I just finished copyediting a long nonfiction book on a tight schedule. The author has many years of high-pressure writing experience, but this is his first book. The manuscript felt like it was a couple of drafts short of final — not uncommon when a rush to deadline is involved. A glaring symptom of this was sloppy sentences. If sentences come out sloppy in early drafts, it’s no big deal. You’ll clean them up when you start revising — right? right??

In this particular manuscript, the author probably didn’t have the time to make them clearer or more effective. So yours truly the copyeditor did it, pruning some elements, rearranging others, and querying whatever I couldn’t figure out either from context or from a quick Google search.

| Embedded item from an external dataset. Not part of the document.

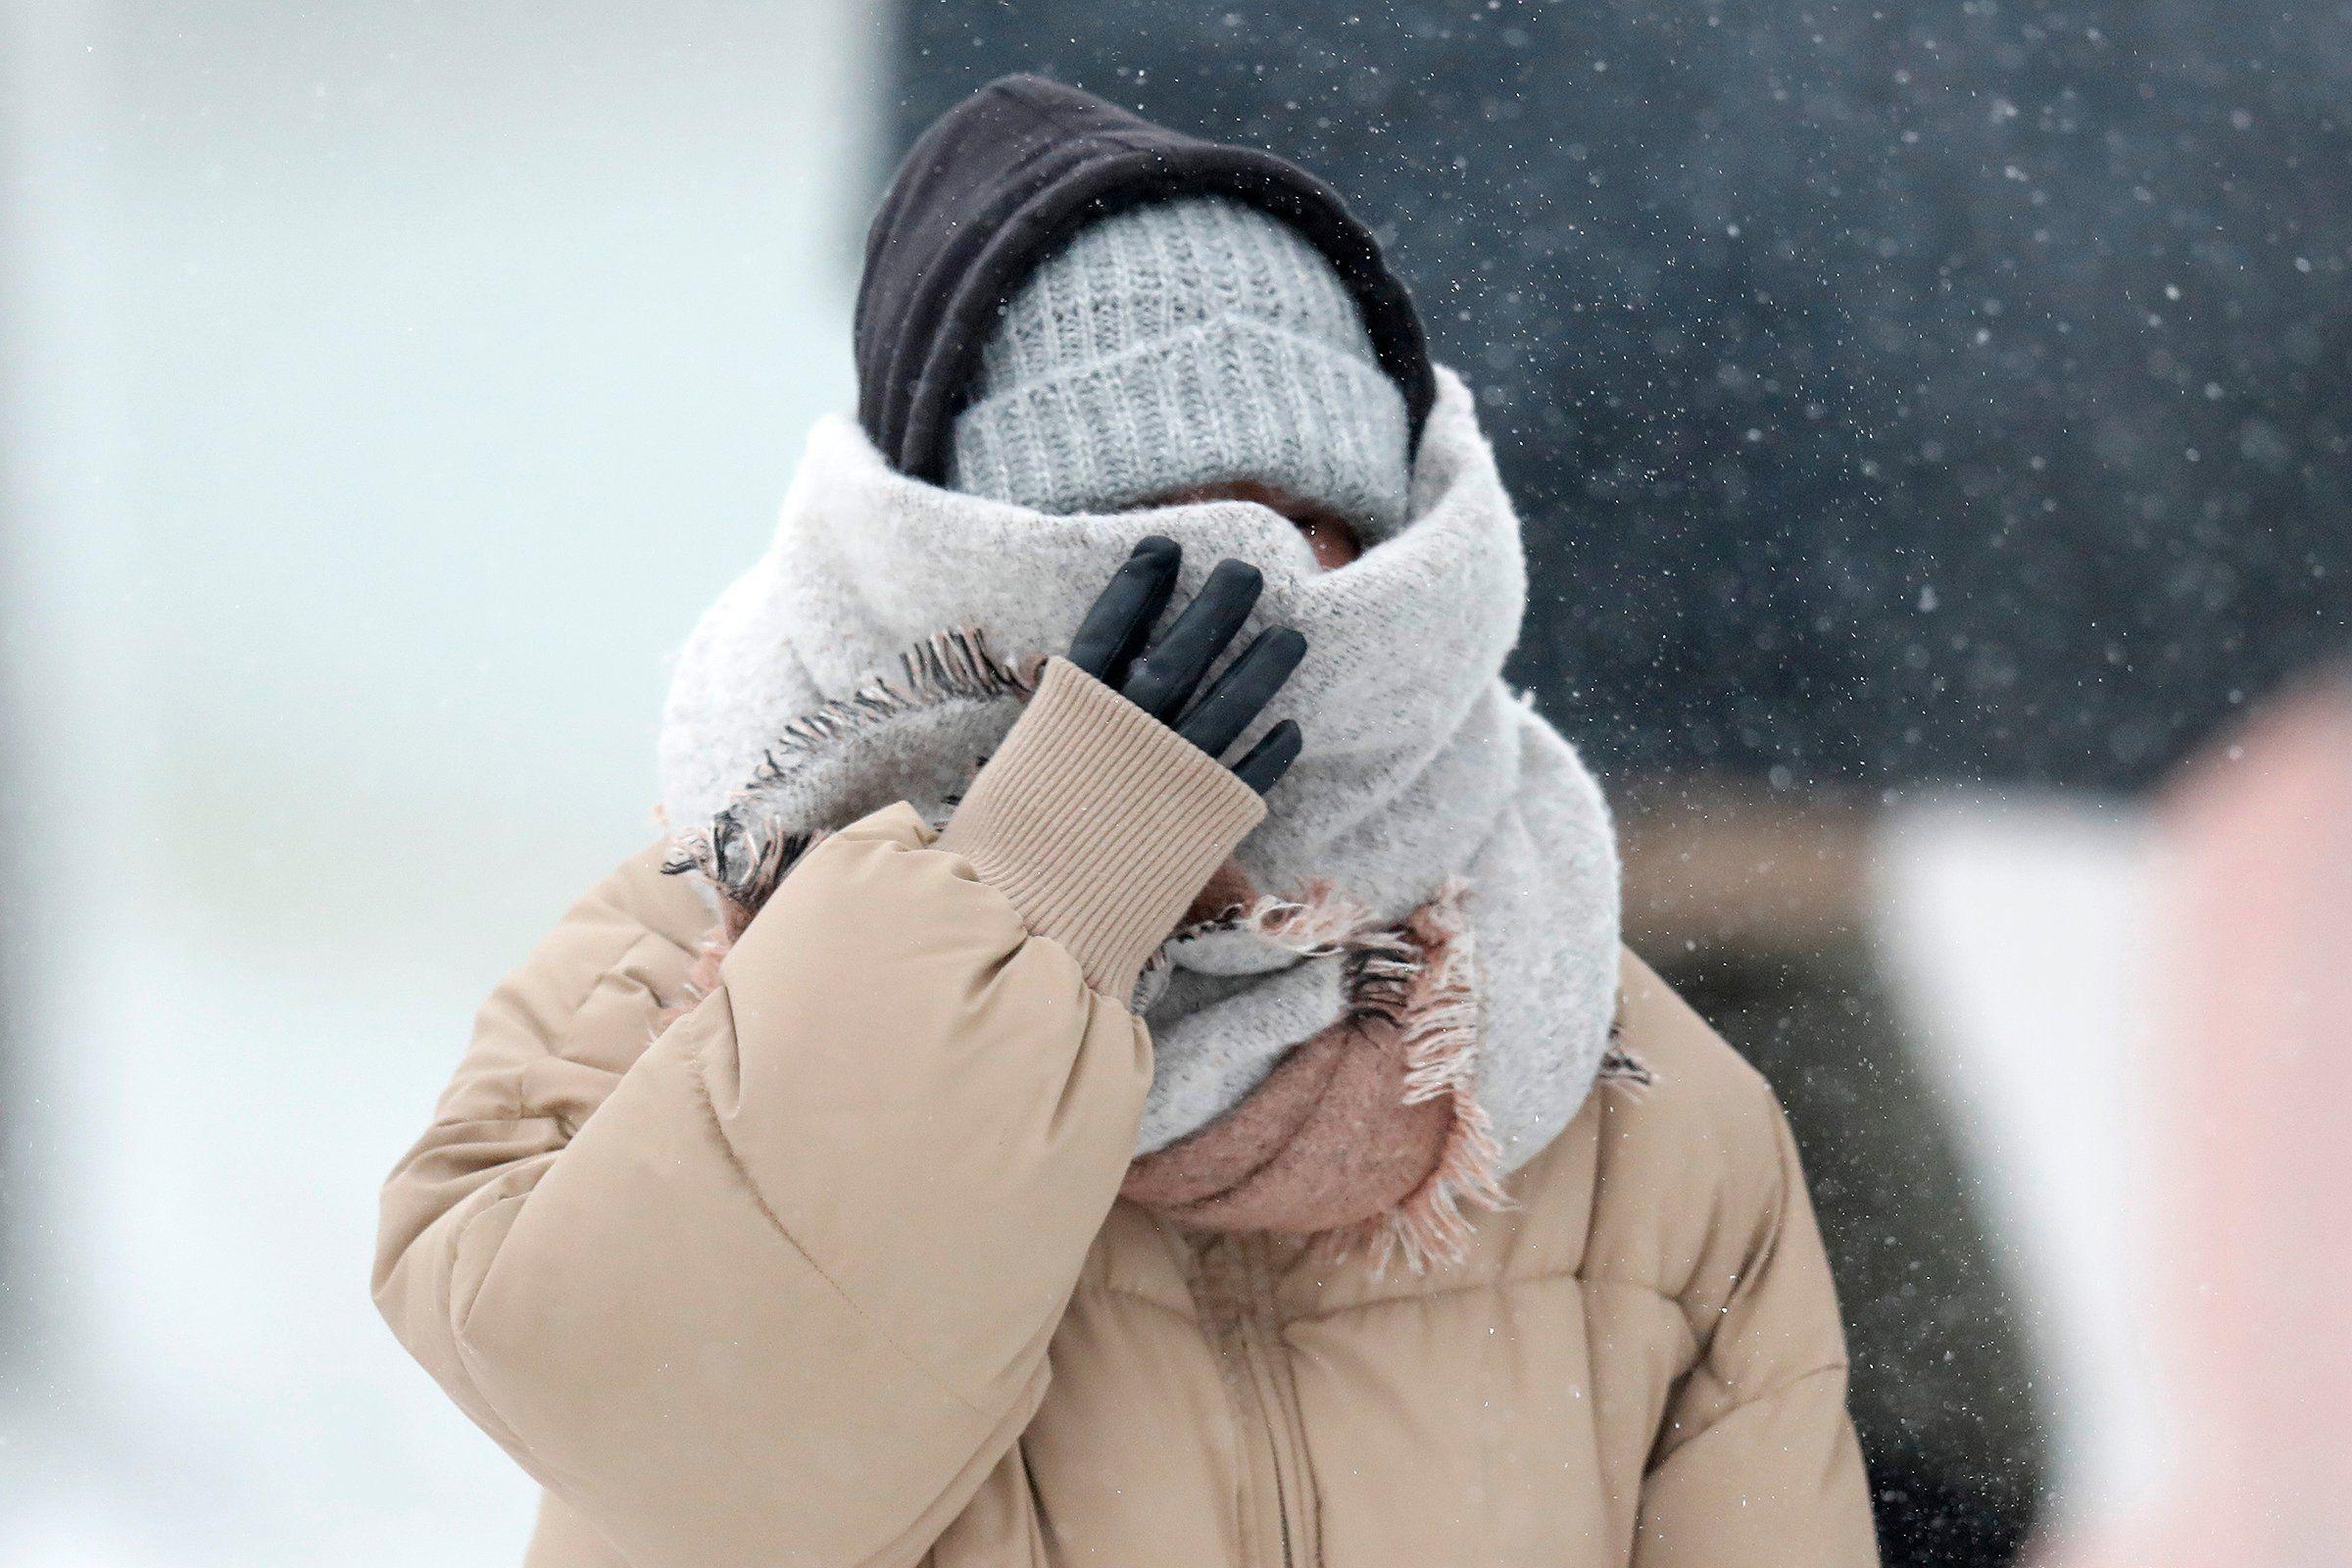 В Тверскую область идет похолодание

There are plenty of books out there on how to construct a sentence. You know the basics: subjects, verbs, and objects, phrases and clauses. The tricky thing is that sentences can be grammatically impeccable and at the same time unclear, ambiguous, or downright misleading.

Here are some hints on how to make sentences more effective, whether you’re writing, revising your own work, or editing someone else’s.

Clotheslines tend to droop in the middle. So do long sentences.

Clotheslines tend to droop in the middle. So do long sentences.

Sentences are like clotheslines: they tend to droop in the middle. In the middle of a long sentence, the reader’s attention starts to wander. So if you’re trying to get across an important point or detail, don’t bury it in the middle. Placed at the beginning and the end, it’s more likely to catch the reader’s attention, and to connect with the sentences before and after.

This is also true of paragraphs, by the way. Paragraphs that take up a whole page of text are daunting. KEEP OUT! they say. Or maybe WELCOME TO THE LABYRINTH.

What poets do with line and stanza breaks, prose writers can do with sentences and paragraphs.

I love long loopy sentences, but when one long loopy sentence follows another and another and another, nothing stands out. It’s also easier for subjects and verbs, or nouns and pronouns, to come adrift from each other. Confusion often results.

The closer together words are in a sentence, the stronger — and clearer — the relationship between them. The opposite is also true: the further apart they are, the more tenuous the connection. Here’s an example adapted from the book I just edited:

Smith requested and received permission to publish the translation from Jones in 2005. . . . Smith, in an interview, described the text as boring.

I skidded to a halt at the end of the first sentence: who? what? when?

It took me a few moments to sort it out: It wasn’t the translation that came from Jones but the permission, and what happened in 2005 wasn’t the publishing but the requesting and receiving of permission. (It was made clear elsewhere that the work was published in 2008.) In the second sentence, the parenthetical “in an interview” unnecessarily separates subject from verb.

Here is my edit:

In 2005, Smith requested and received permission from Jones to publish the translation. . . . In an interview, Smith described the text as boring.

Be especially careful with pronouns. “Antecedent unclear” and “unclear referent” are among the most common editorial queries, in both fiction and nonfiction. They mean we can’t figure out for sure whom a he, she, it, or they is referring to. In the job I just finished, the vast majority of the players were men — as is often the case in books about politics and international affairs, which this one was.  Often a he, his, or him could have referred to either of the two fellows mentioned in the preceding clause or sentence.

Authors often miss these unclear antecedents because the antecedents aren’t unclear to them. They know exactly who’s being referred to. Readers, however, aren’t in the same loop. We need a little help. Better to repeat a name than leave it ambiguous. This is one reason second readers can be so important: they come to the manuscript without knowing what you mean. They just read what’s there.

Have you got an unruly sentence that could use some untangling, or one that you’ve successfully untangled yourself? Send it along! The best way to develop an eye for what works and what doesn’t is to pay close attention to how sentences work. We can do this in our reading, in our writing, and in our revising.